In 1914 Idriess enlisted in the 5th Light Horse, Australian Imperial Force, as a trooper. Specializing in sniping, he was wounded at Gallipoli, witnessed the charge at Beersheba, and was wounded again in the fighting after the battle of Gaza. He was invalided home in March 1918. His experiences were to form the basis of a series of pamphlets on sniping and guerilla warfare published in 1942 when an invasion of Australia was expected. After convalescence he surveyed and explored parts of Cape York, travelled with pearlers and missionaries in Torres Strait and then turned to gold in New Guinea, buffalo shooting in the Northern Territory, and exploration in Central and Western Australia.
In 1928 he settled in Sydney as a freelance writer. He had written short pieces for the Bulletin while at Lightning Ridge and published the first of forty-seven books, Madman's Island, in 1927, in 1931 he had some success with a fossickers' guide Prospecting for Gold and the same year wrote his first best-seller, Lasseter's Last Ride. From then on he published at least a book a year (apart from 1943) until 1964. His last book appeared in 1969. Works like The Cattle King (1936) and Flynn of the Inland (1932) were to go through forty to fifty reprintings.
In 1932 Idriess was described as
'a slight, medium-sized man, with a narrow, pale face, slightly greying hair and remarkable hazel eyes; a soft-voiced man with a typical Australian drawl'.
He was also a highly motivated writer. He said of himself that he wrote 'like stinking hell', spending two hours every morning covering quarto pages of white paper with large handwriting at a desk in Angus & Robertson's old building in Castlereagh Street. It was said that he could write a book in two months, and he twice published three books in one year (1932 and 1940). About 1932 he married Eta Morris. He was appointed O.B.E. in 1968. Survived by his two daughters, Idriess died on 6 June 1979 at Mona Vale, and was cremated.

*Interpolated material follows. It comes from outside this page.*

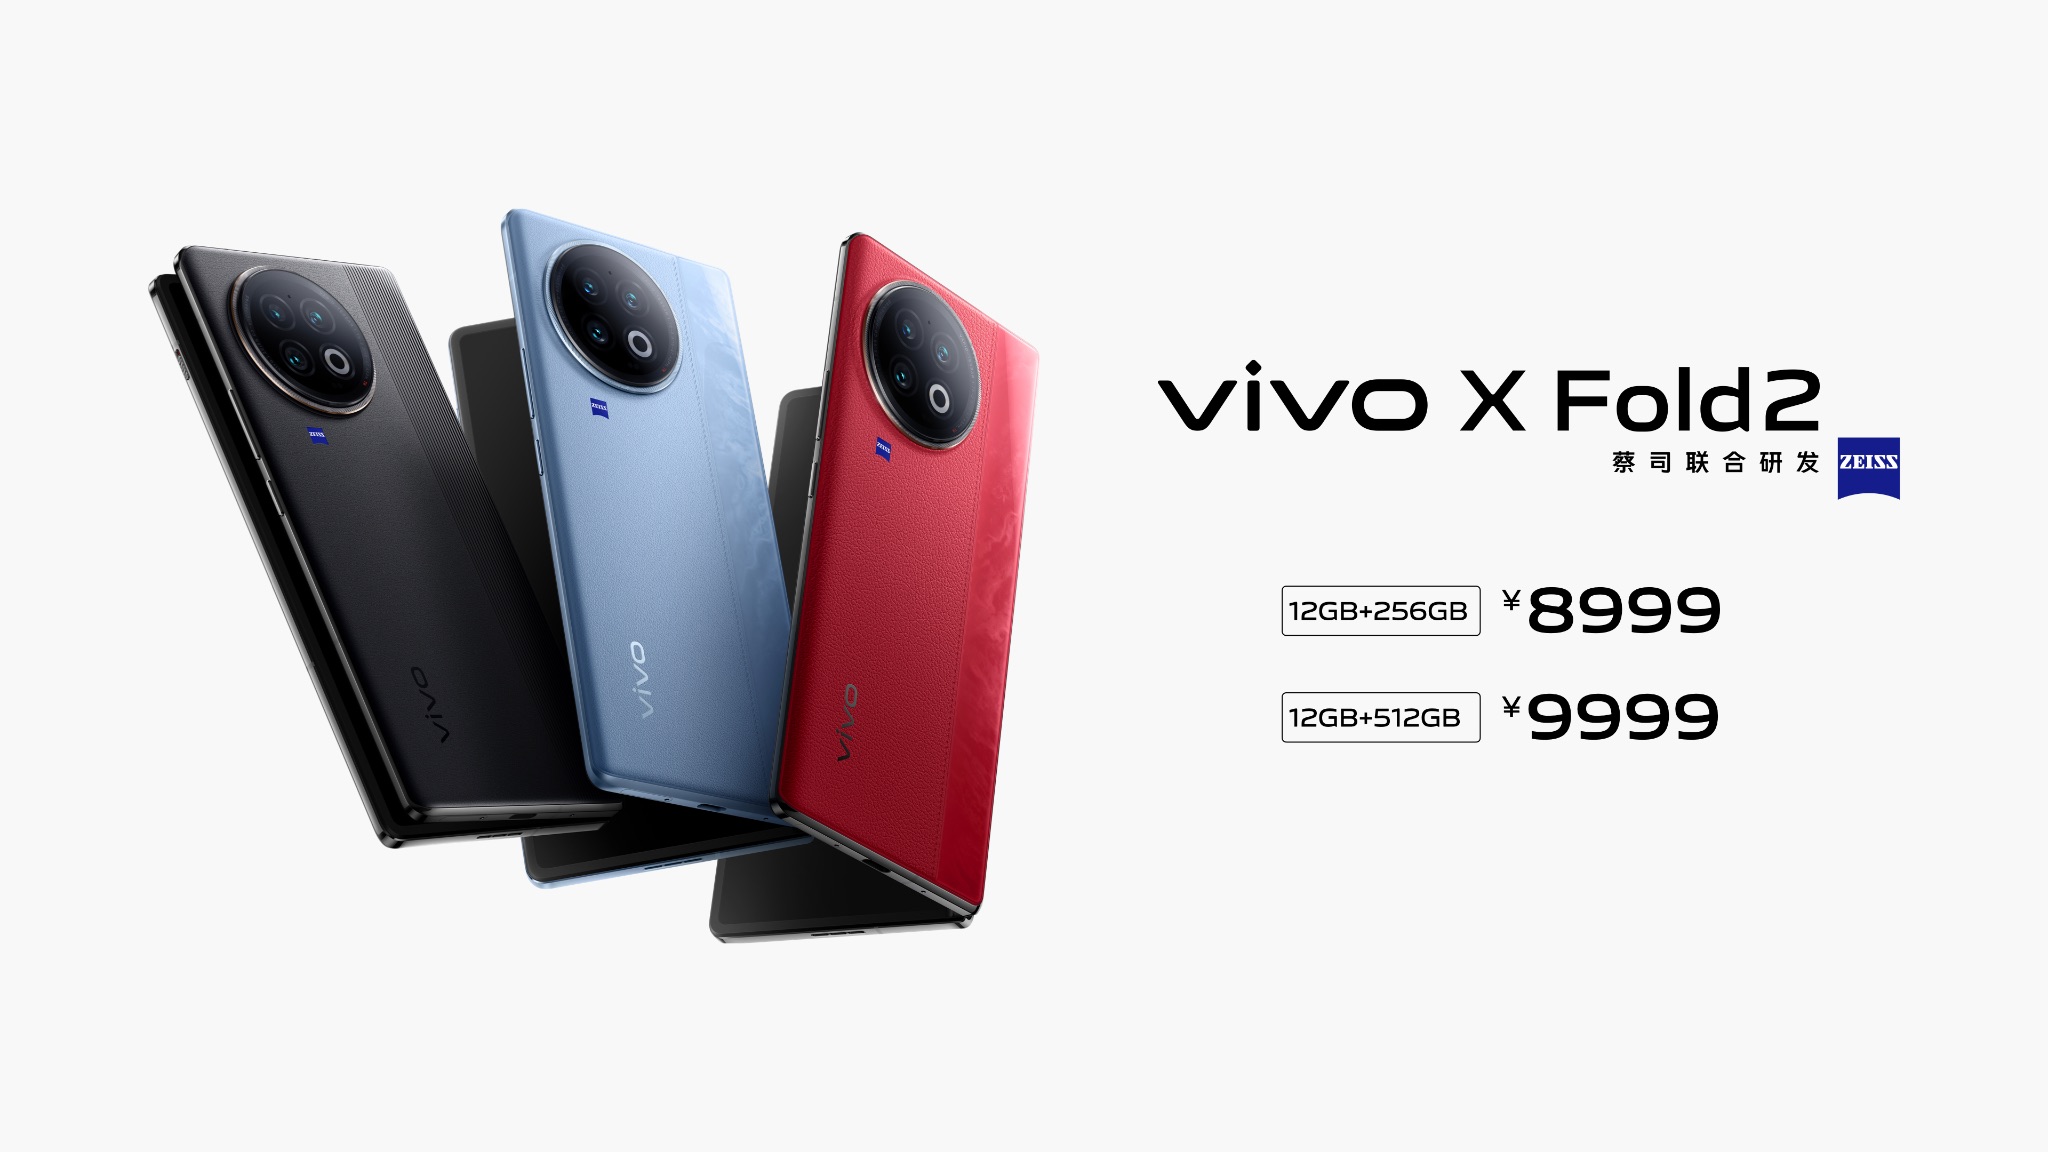 Vivo increased its momentum in foldable phone market with new

Idriess's contribution to Australian publishing and literature was profound. His combination of the bush yarn and historical or geographical subjects brought a new vision of Australia to its city-bound readers. He developed a number of Australian legends: the Light Horse, Flynn, Lasseter, Kidman, the survival skills of the Aboriginals of Northern Australia. Together with a belief in the heroic went a belief in the social and economic development of Australia, a vision which matched the aspirations of governments of the 1940s and '50s. Idriess was no stylist, but his writing was immediate, colourful, well paced and, despite the speed at which it was written, always well structured. The combination of an optimistic view of Australia's progress and the romance of its past with a style drawn from the spoken language ensured his popularity. Idriess contributed to a resurgence of Australian publishing and established a form of writing which continued to flourish in the work of such authors as Frank Clune and Colin Simpson.